[<prev] [next>] [<thread-prev] [thread-next>] [day] [month] [year] [list]
Message-Id: <3767EFC5-6BBD-4EC5-8E20-5A9A12A56531@collabora.com>
Date: Tue, 1 Jul 2025 12:22:45 -0300
From: Daniel Almeida <daniel.almeida@...labora.com>
To: Danilo Krummrich <dakr@...nel.org>
Cc: Miguel Ojeda <ojeda@...nel.org>,
Alex Gaynor <alex.gaynor@...il.com>,
Boqun Feng <boqun.feng@...il.com>,
Gary Guo <gary@...yguo.net>,
Björn Roy Baron <bjorn3_gh@...tonmail.com>,
Andreas Hindborg <a.hindborg@...nel.org>,
Alice Ryhl <aliceryhl@...gle.com>,
Trevor Gross <tmgross@...ch.edu>,
Greg Kroah-Hartman <gregkh@...uxfoundation.org>,
"Rafael J. Wysocki" <rafael@...nel.org>,
Thomas Gleixner <tglx@...utronix.de>,
Benno Lossin <lossin@...nel.org>,
Bjorn Helgaas <bhelgaas@...gle.com>,
Krzysztof Wilczyński <kwilczynski@...nel.org>,
linux-kernel@...r.kernel.org,
rust-for-linux@...r.kernel.org,
linux-pci@...r.kernel.org
Subject: Re: [PATCH v5 4/6] rust: irq: add support for threaded IRQs and
handlers
Hi Danilo,
>
>> + fn handle(&self) -> ThreadedIrqReturn;
>> +
>> + /// The threaded handler function. This function is called from the irq
>> + /// handler thread, which is automatically created by the system.
>
> /// The threaded IRQ handler.
> ///
> /// This is executed in process context. The kernel creates a dedicated
> /// kthread for this purpose.
>
>> + fn handle_on_thread(&self) -> IrqReturn;
>
> Personally, I'd prefer `handle_threaded()`.
>
Don't you think that handle_on_thread is more expressive?

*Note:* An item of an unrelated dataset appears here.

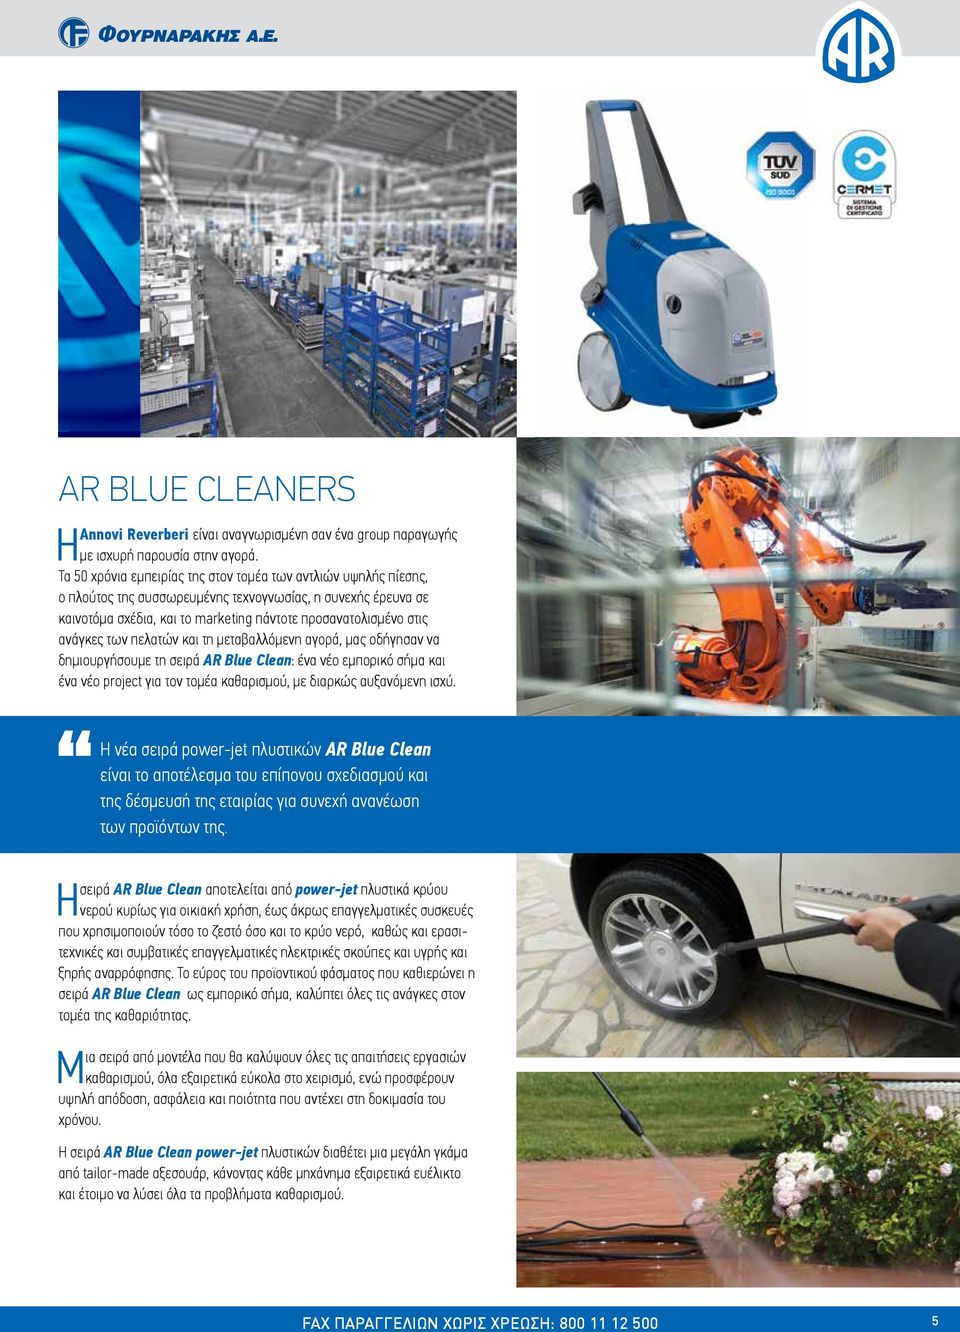 των πελατών και τη μεταβαλλόμενη αγορά, μας οδήγησαν να δημιουργήσουμε τη σειρά AR Blue Clean: ένα νέο εμπορικό σήμα και ένα νέο project για τον τομέα καθαρισμού, με διαρκώς αυξανόμενη ισχύ.

You can derive the
semantics from the name itself, i.e.: "handle an interrupt on a separate
thread". Although handle_threaded should be understandable by all kernel
developers, I think it's slightly more obscure.
In any case, if you still prefer handle_threaded then that's fine with me.